How to begin? We're talking today about the Supreme Court under Chief Justice John Roberts. Are you ready for a really titillating bulletin? Here it is:
Thus far in its current term, the high court has handed down signed opinions in 47 cases. Nineteen of these have been decided by unanimous consent. Justices John Paul Stevens and Clarence Thomas, the court's leading dissenters, have been remarkably mum. Something is going on: The court under Roberts may be getting kinder and gentler.
Don't bet on that heady prospect. The worst is yet to come, as the court grapples with such divisive issues as development of wetlands and regulation of abortions. The court's newest member, Justice Samuel Alito, has yet to deliver his maiden opinion.
Take a look at precedent: During the term that ran from October 2004 through June 2005, the court split 5-4 in no fewer than 24 of the 74 cases decided by signed opinions. It reached unanimity only 17 times.
What a difference a new chief can make! Since the current term began in October, the court has split 5-4 only twice -- and both of those cases, as they say, were dogs. Only the lucky lawyers could love them.
Justice Antonin Scalia wrote for the court in a 5-4 split that involved a death sentence imposed in California upon Ronald P. Sanders. He had brutally murdered a young woman in the course of a robbery. There was no question of his guilt. The pivotal issue turned upon the "special circumstances" found by a jury in the sentencing stage. Scalia often bites off a colleague's head in a footnote, but here he fenced with a buttoned foil. On the other side, speaking for the dissenters, Stevens was equally on his best behavior: "It may well be," he mused, "that the errors in this case were harmless." This was from Stevens?
The second 5-4 decree came two weeks later in Central Virginia Community College v. Katz. Arf, arf! This is all you really need to know about this other pup: It involved the immunity of a state-supported college from suit under the Bankruptcy Code. This time Stevens, the court's most senior justice, was writing for the majority. He was in his chatty mode. A Philadelphia case in 1786, he recalled, was argued by Jared Ingersoll, a delegate to the Convention of 1787. Dear Ingersoll! He knew him well.
Justice Clarence Thomas, joined by Scalia, Roberts and Justice Anthony Kennedy, was not to be lulled by reminiscence. He was chewing nails and breathing fire, to wit: His Brother Stevens' conclusion "cannot be justified by the text, structure or history of our Constitution." Moreover, "The majority greatly exaggerates the depths of the Framers' fervor to enact a national bankruptcy regime." Strong stuff.
Ordinarily the court disposes of only four or five cases every term by substantial opinions "per curiam." These are unsigned mandates, issued "for the court." The Anonymous Nine already have delivered eight PCs since October, and the term still has 14 weeks to go.
One of the per curiams came on Nov. 28 in an 18-year-old murder case from Ohio. It involved an attempt by Kenneth T. Richey to kill his ex-girlfriend and her new consort by setting fire to her apartment.
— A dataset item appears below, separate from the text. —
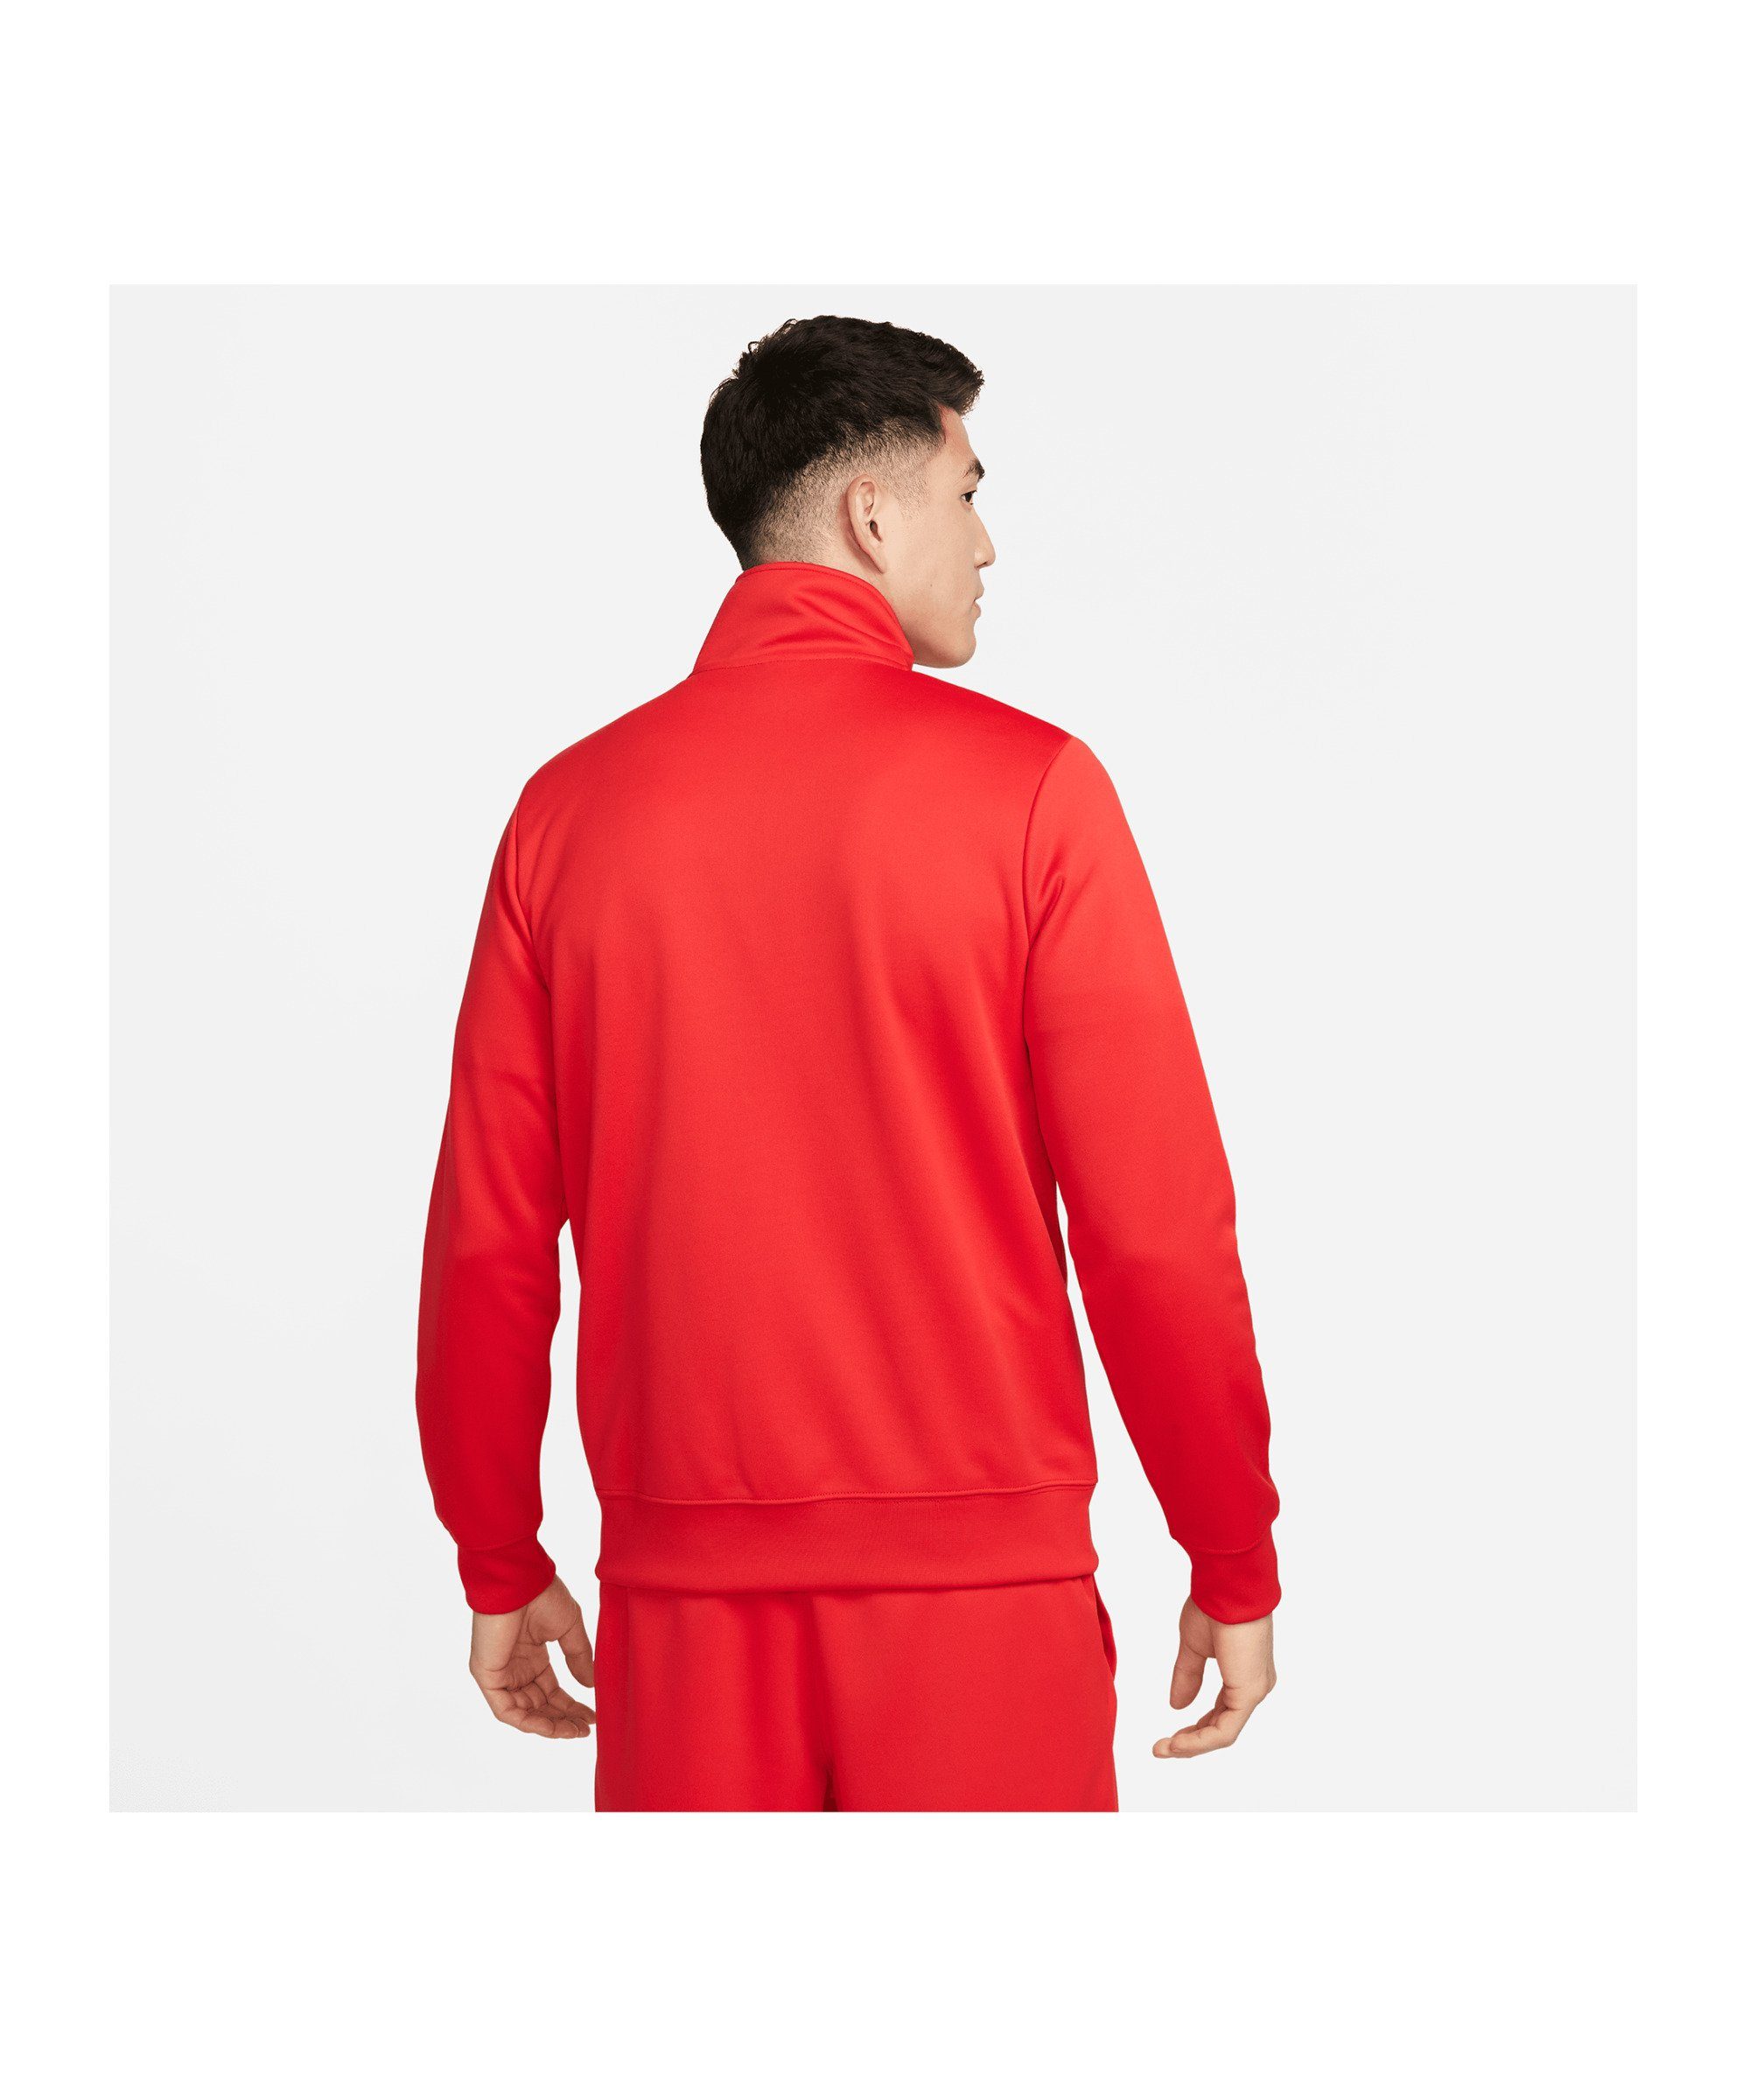 Nike Sportswear Sweatjacke Standart Issue rot Jacke

As it sadly transpired, they were sleeping elsewhere. Her 2-year-old daughter died in the fire. Richey was convicted of murder on a theory of "transferred intent" and sentenced to death. The Supremes faulted the 6th Circuit's handling of the case and sent it back for what is known politely as "further proceedings."
On the morning of Feb. 21 the court erupted with three substantial per curiams. The most newsworthy -- and it wasn't very newsworthy -- involved a suit brought by two black employees of Tyson Foods in Alabama. The workers charged the company with illegal discrimination in passing over them for promotion. They won in the trial court, partly upon evidence that a Tyson supervisor had addressed each of them as "boy." Finding the appellation possibly benign, the 10th Circuit reversed.
In their per curiam opinion, the justices reprimanded the circuit judges for their "unhelpful and imprecise" decision and sent the case back for them to try again.
So it goes -- so far -- in the honeymoon months of the Roberts Court. Will the billing and the cooing continue? It will last until the first big abortion case can no longer be ducked.